| EXERCISE AIM |
Nothing but the lines below from the one that contains "Die Füße einer" through the one that contains "Sugarland SUGARL& Tee" should be retyped, exactly and including both ends. Do not include pictures.

| STUDY MATERIAL |
"""

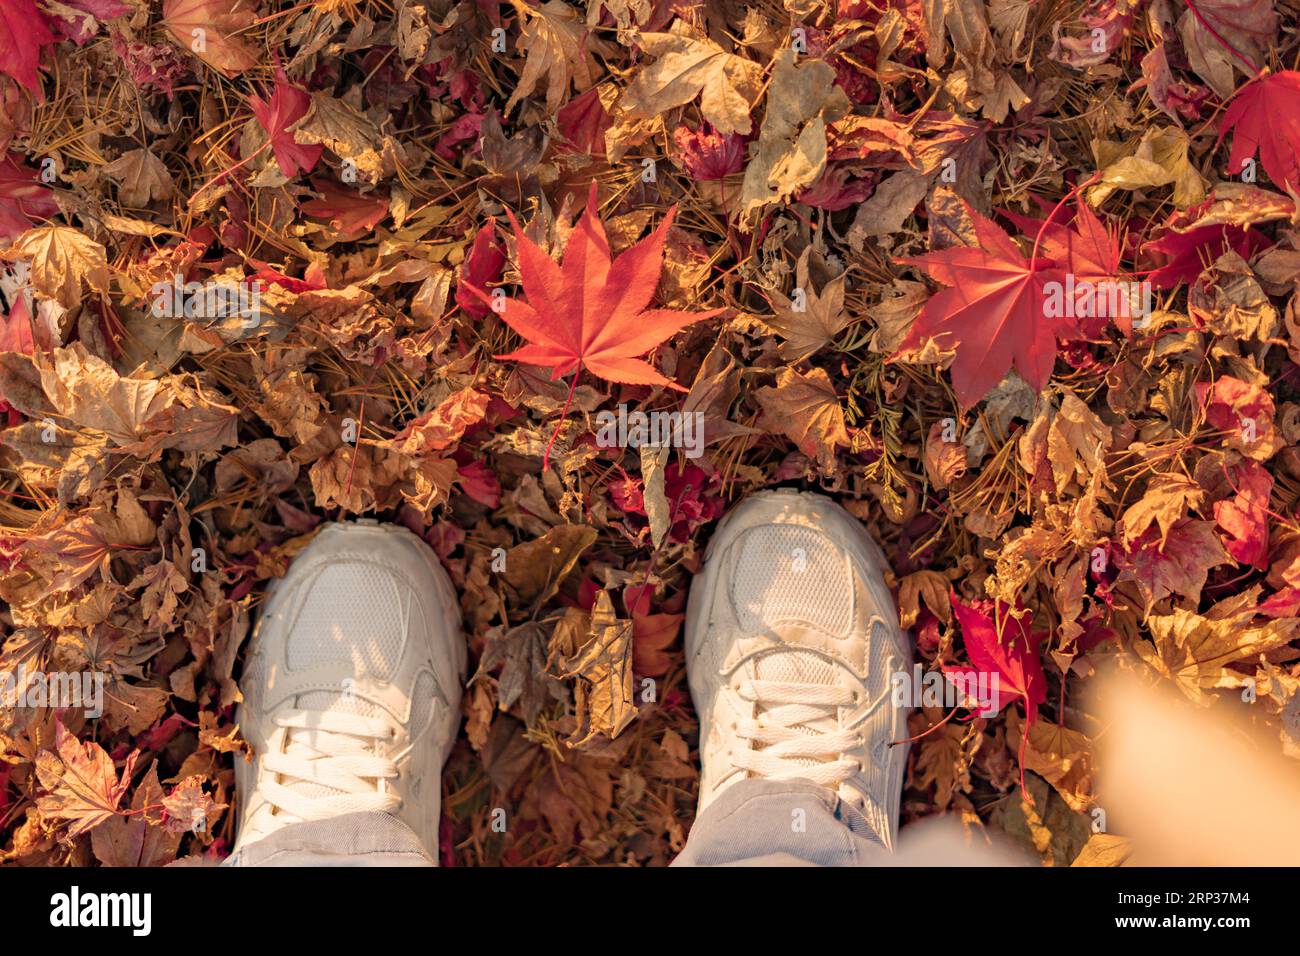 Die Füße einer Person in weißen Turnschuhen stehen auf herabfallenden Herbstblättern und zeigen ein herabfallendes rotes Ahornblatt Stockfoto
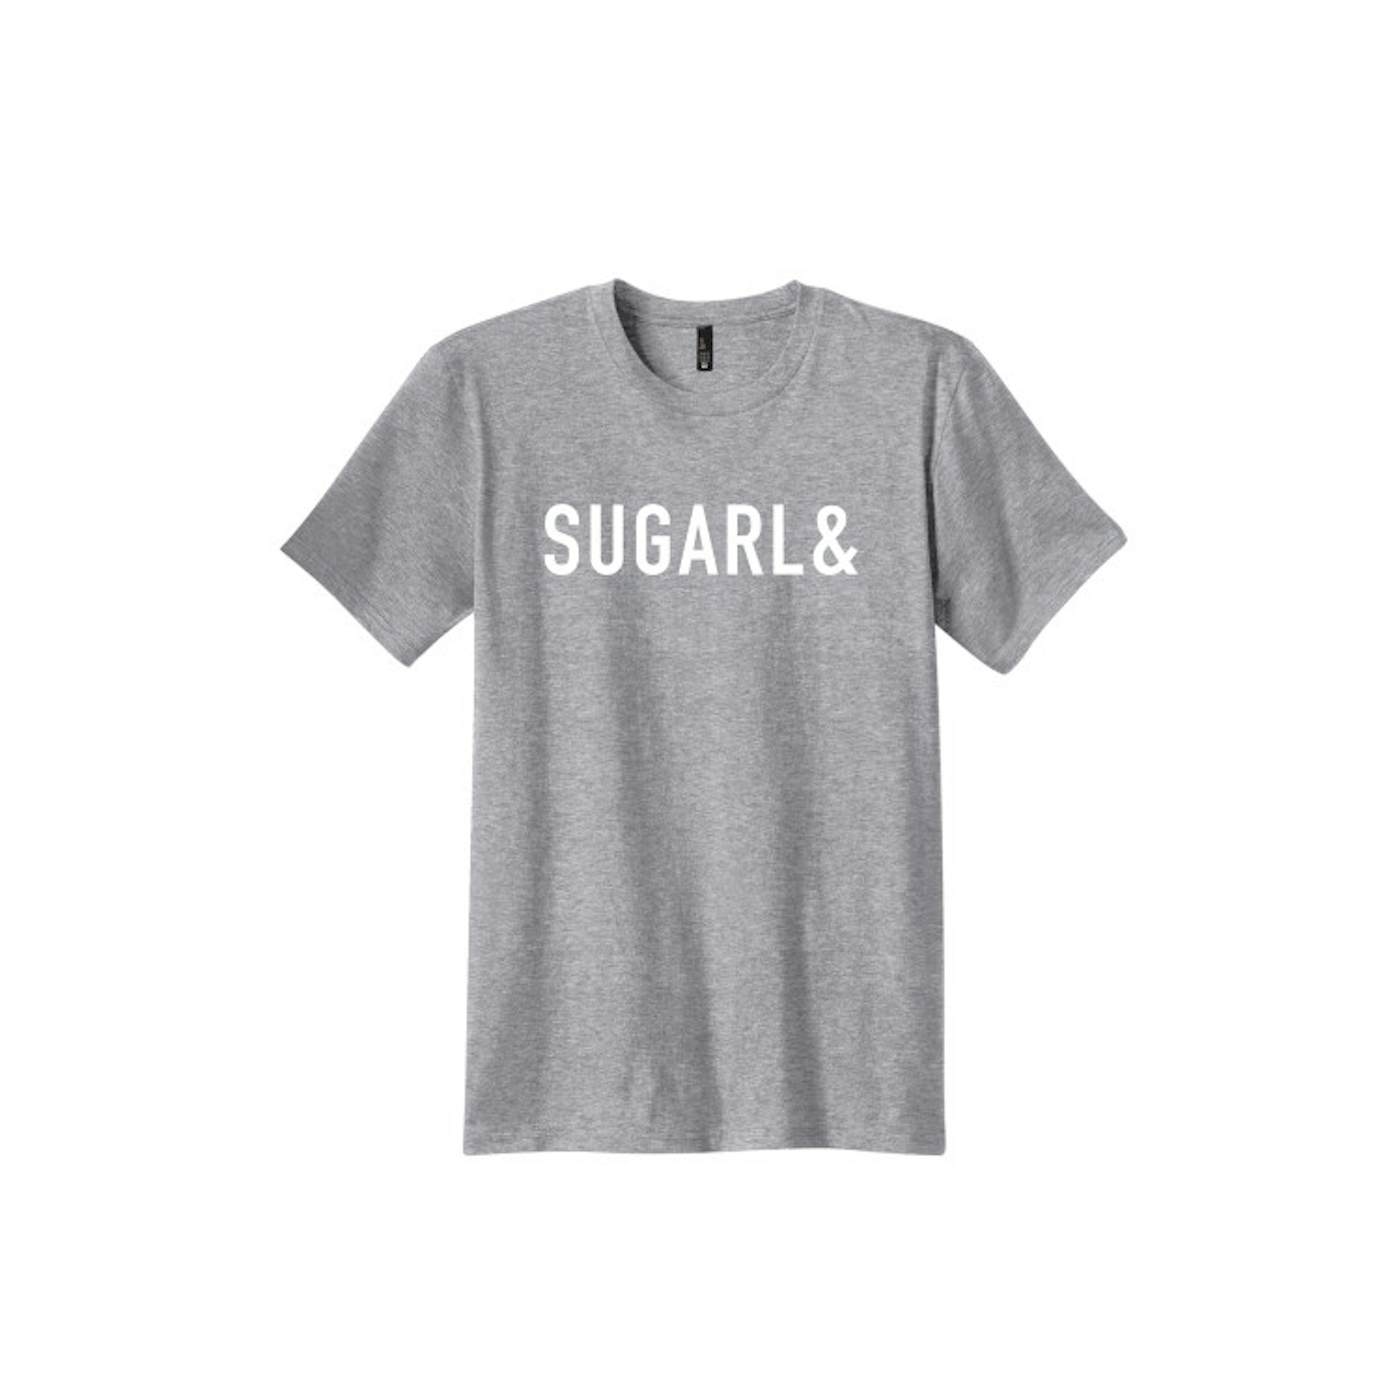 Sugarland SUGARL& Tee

"""
"""

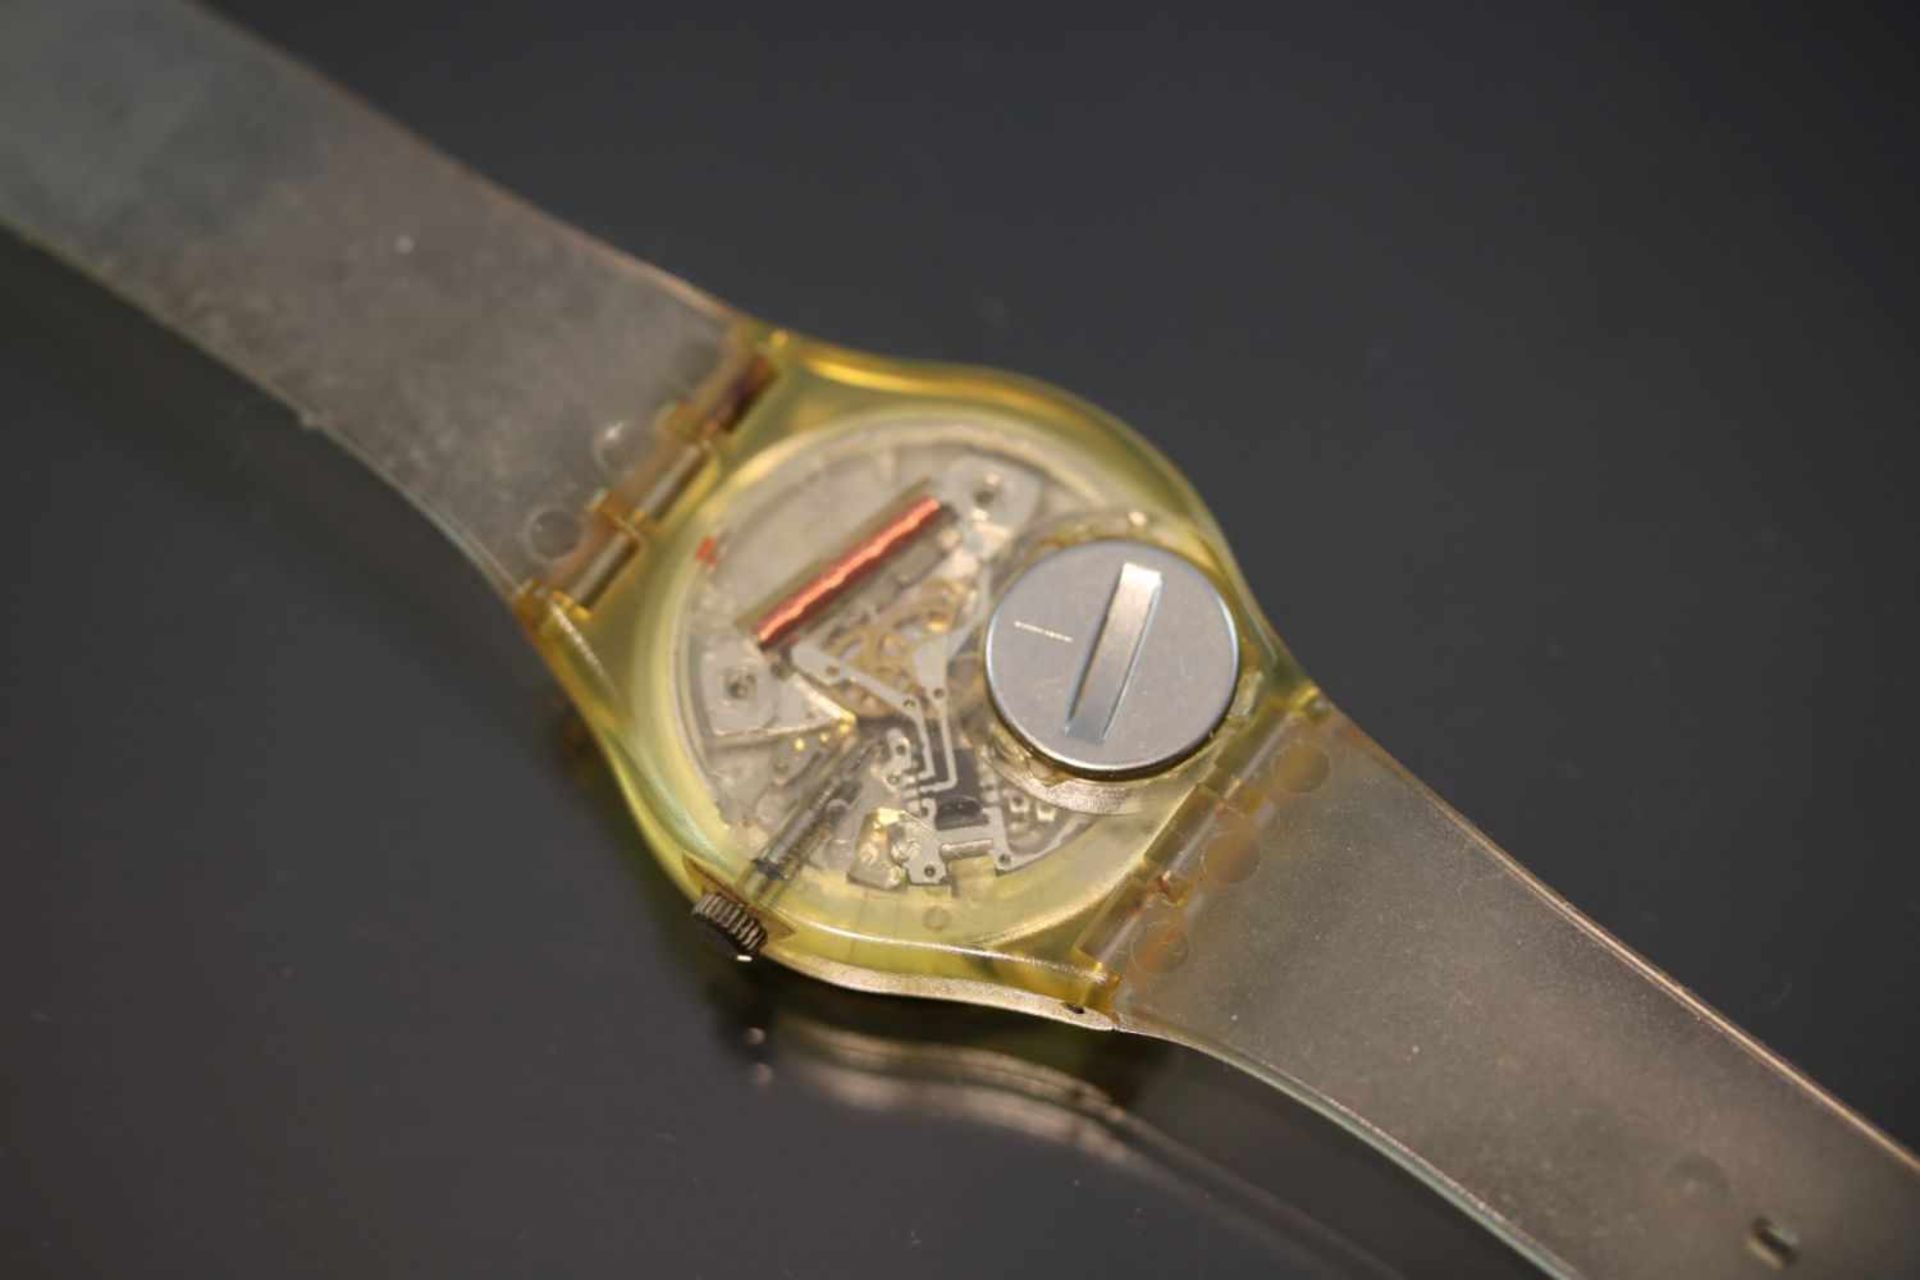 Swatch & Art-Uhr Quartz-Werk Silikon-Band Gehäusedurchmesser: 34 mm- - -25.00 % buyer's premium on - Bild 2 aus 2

"""
"""

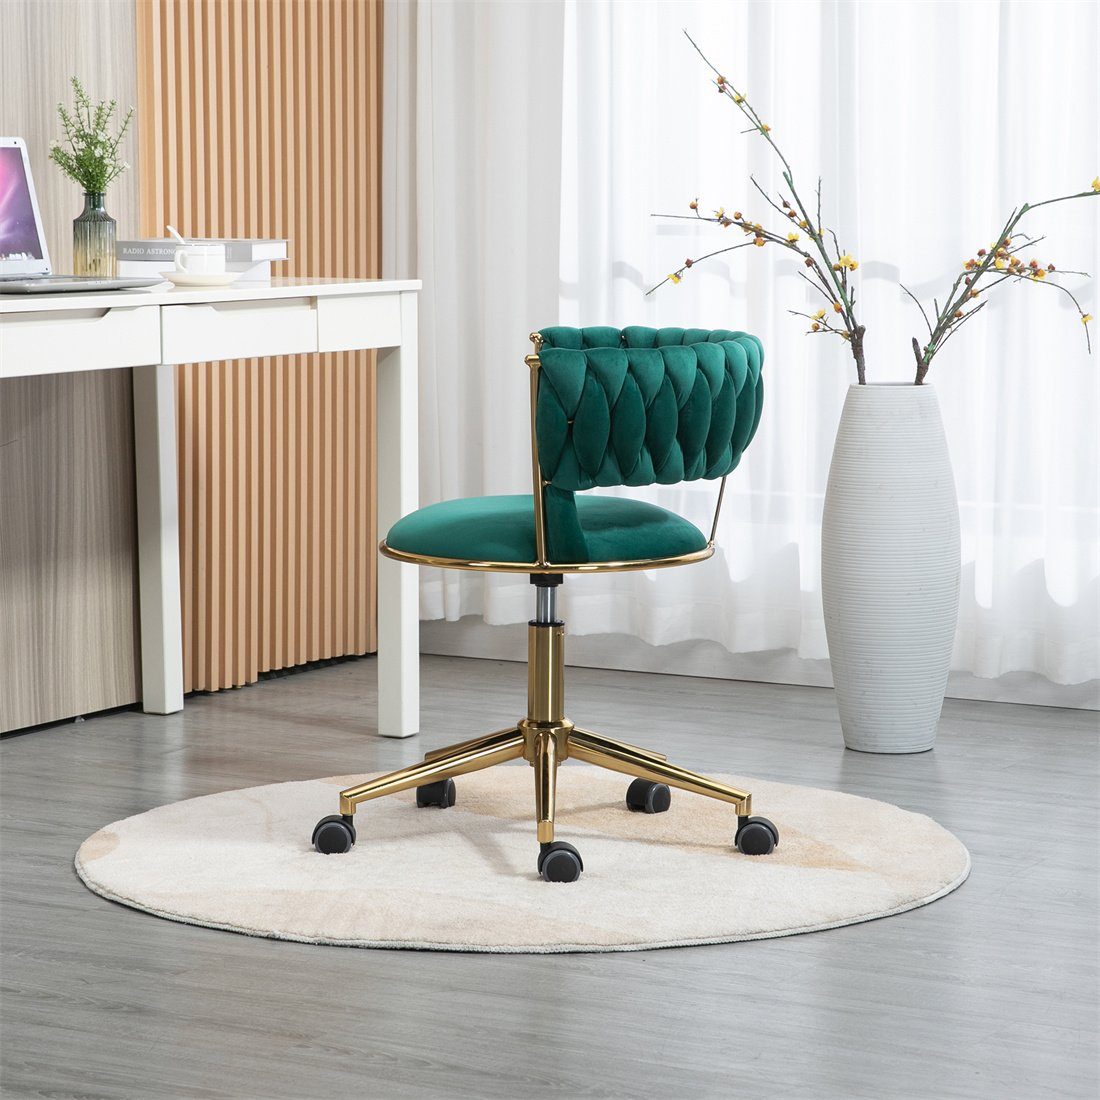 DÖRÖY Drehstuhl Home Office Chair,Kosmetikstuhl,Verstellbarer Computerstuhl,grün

"""

| SOLVED EXERCISE |
 Die Füße einer Person in weißen Turnschuhen stehen auf herabfallenden Herbstblättern und zeigen ein herabfallendes rotes Ahornblatt Stockfoto
 Sugarland SUGARL& Tee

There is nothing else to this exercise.